- Dataset excerpt -

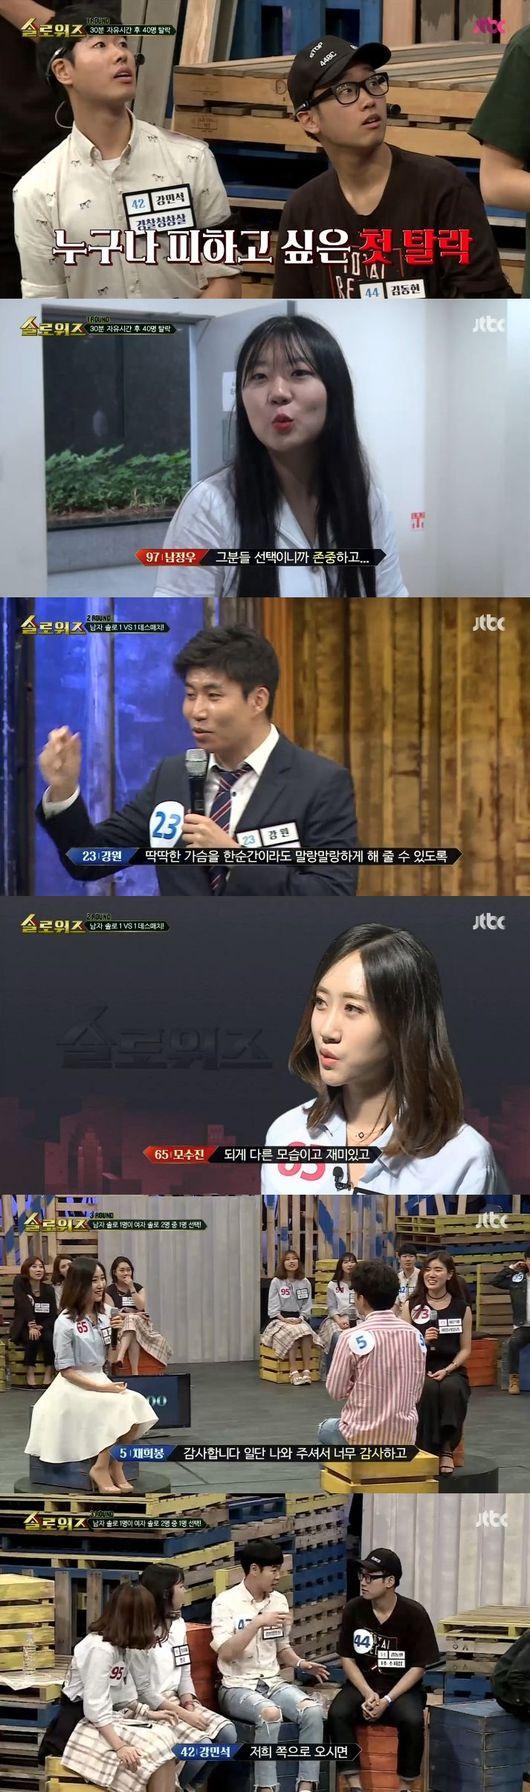 솔로워즈. 사진=JTBC '솔로워즈' 방송 캡쳐
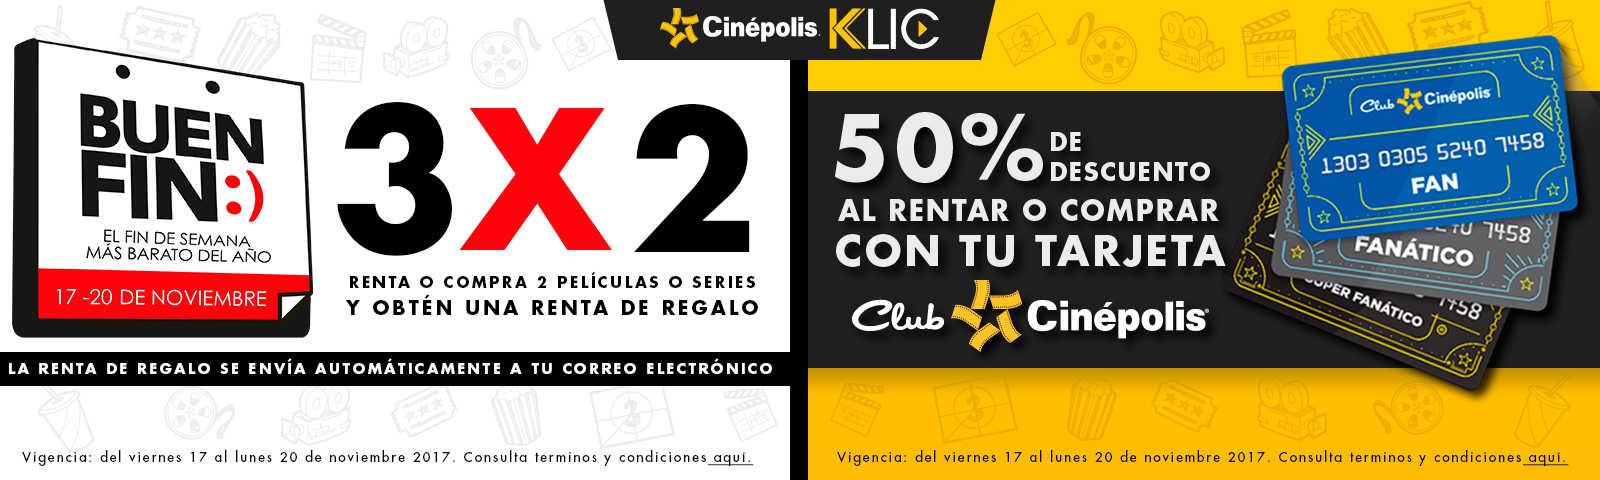 Ofertas El Buen Fin 2017 Cinepolis Klic
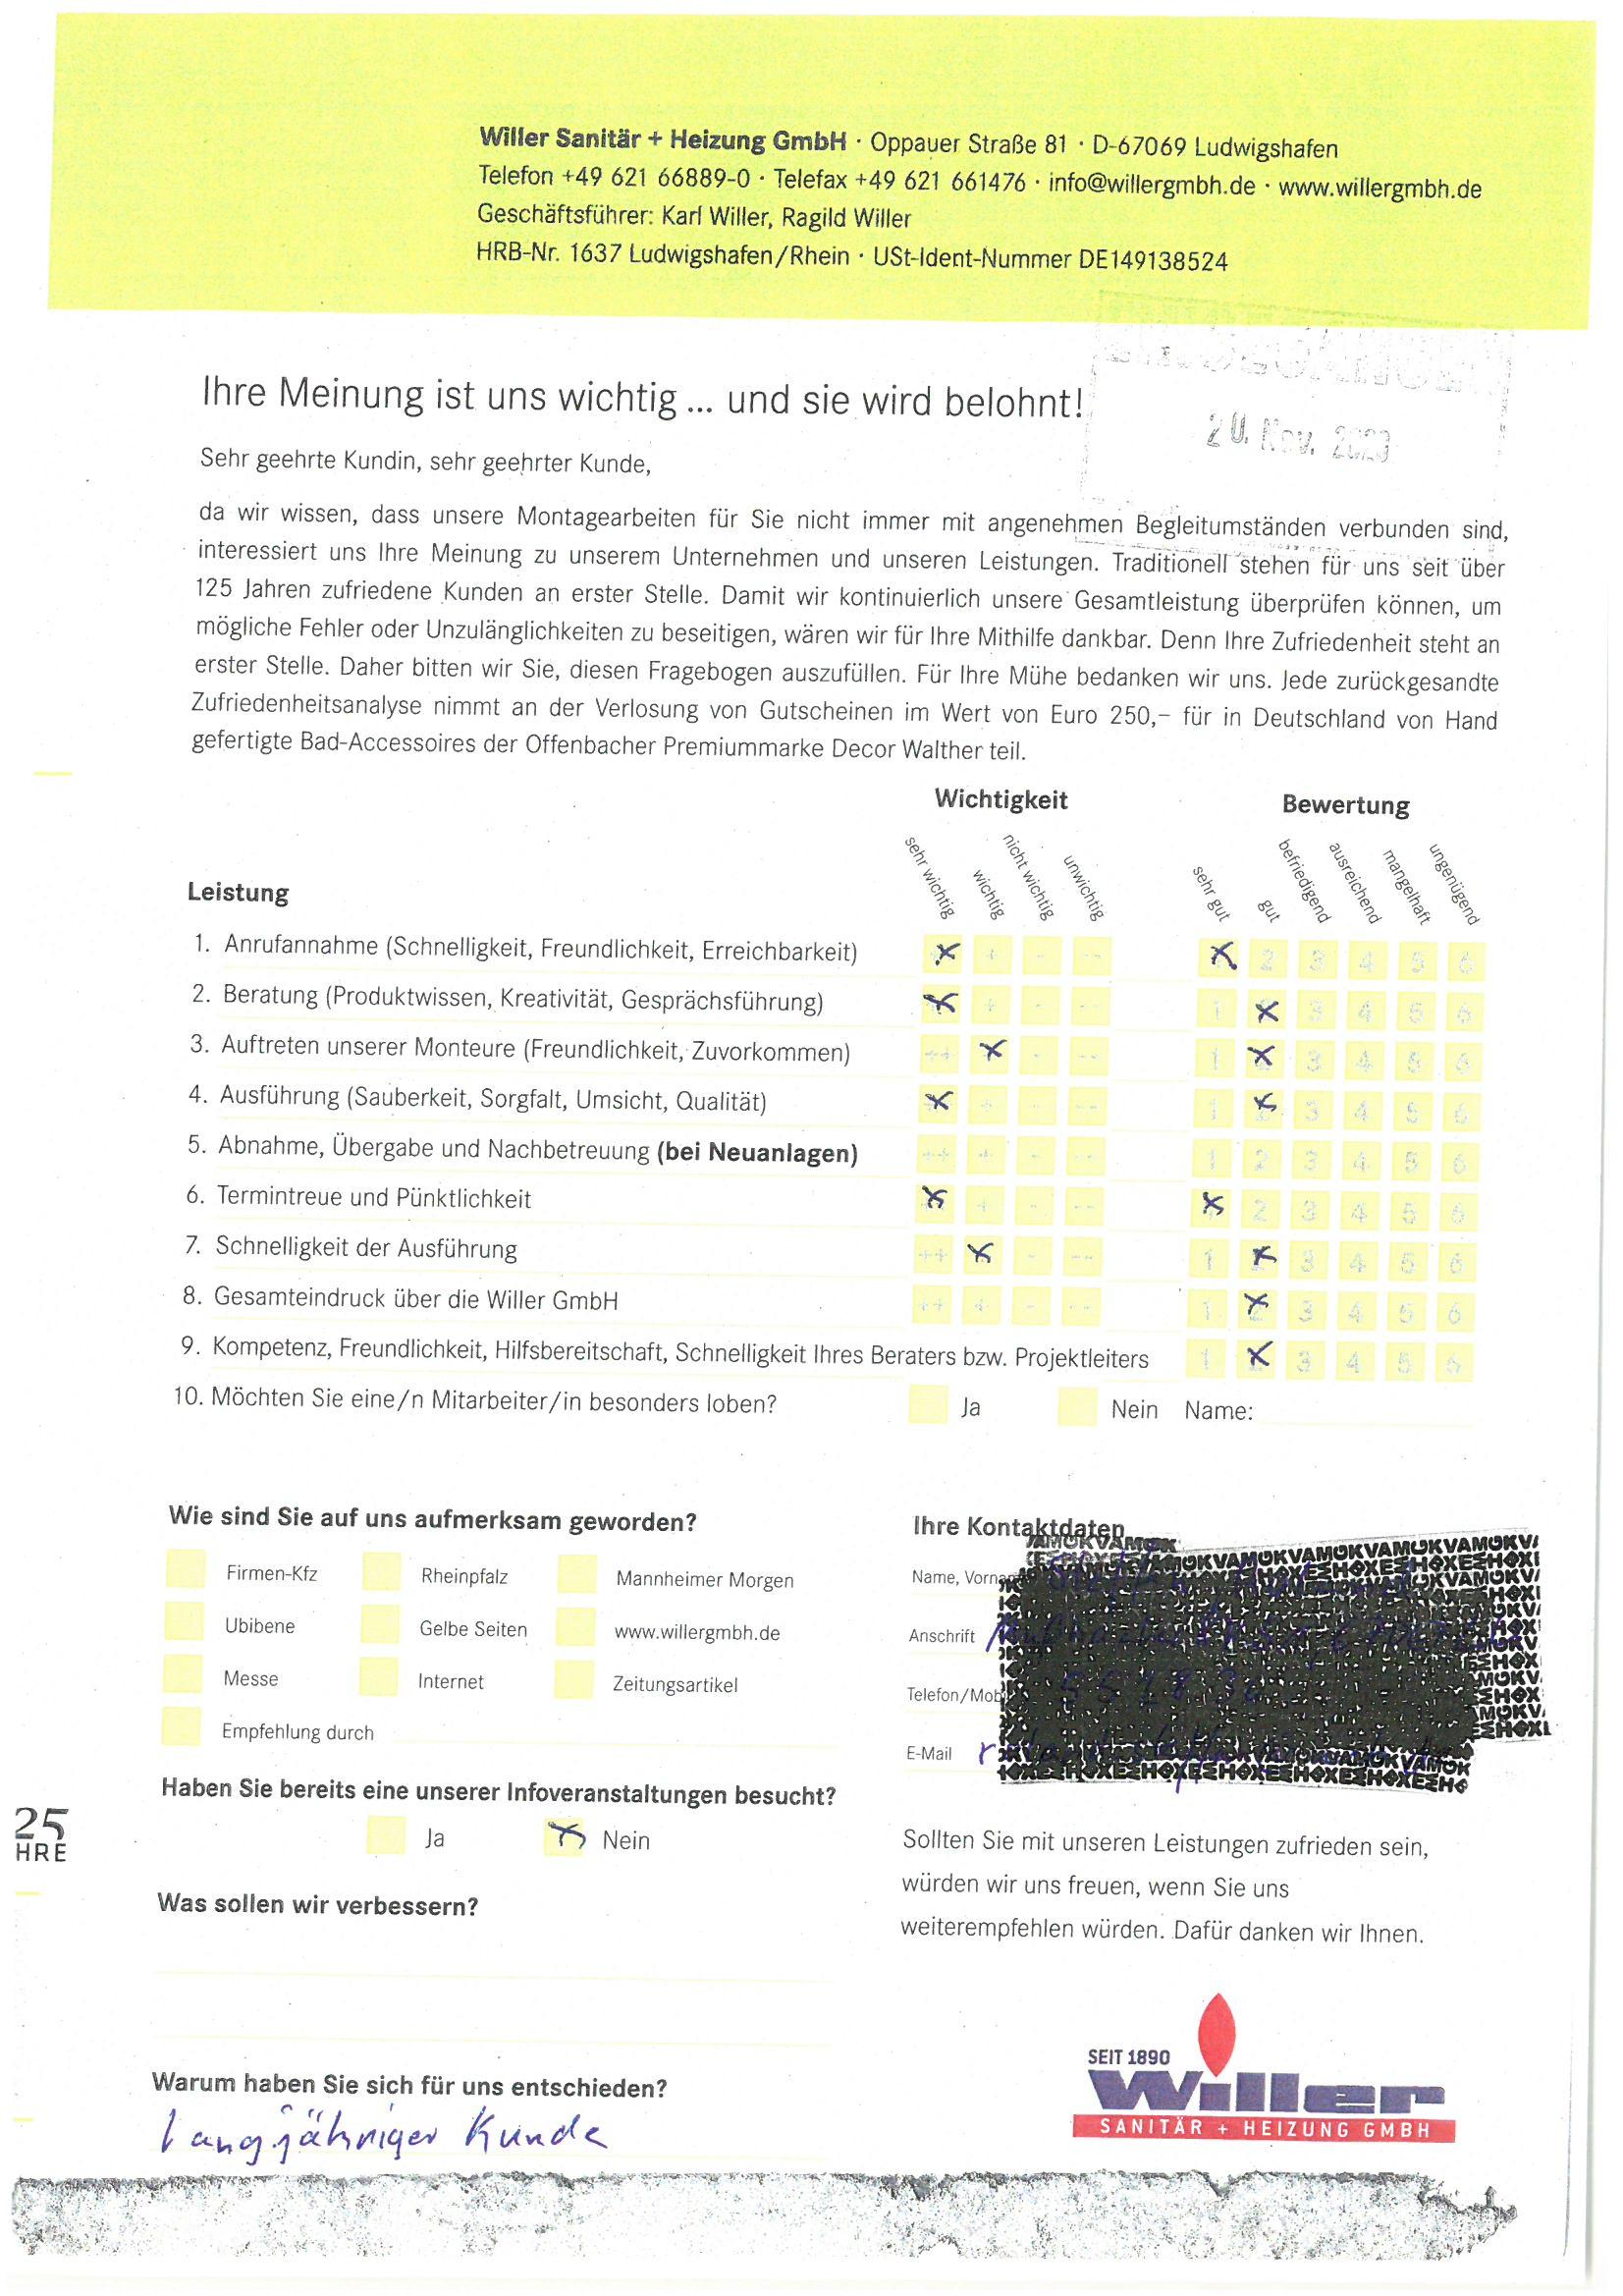 Bewertungen_Willer_Ludwigshafen_2020_ (9)

- Try it -
From the first line to the last, copy the listing above exactly, dropping all images.

- Exercise result -
 솔로워즈. 사진=JTBC '솔로워즈' 방송 캡쳐
 Ofertas El Buen Fin 2017 Cinepolis Klic
 Bewertungen_Willer_Ludwigshafen_2020_ (9)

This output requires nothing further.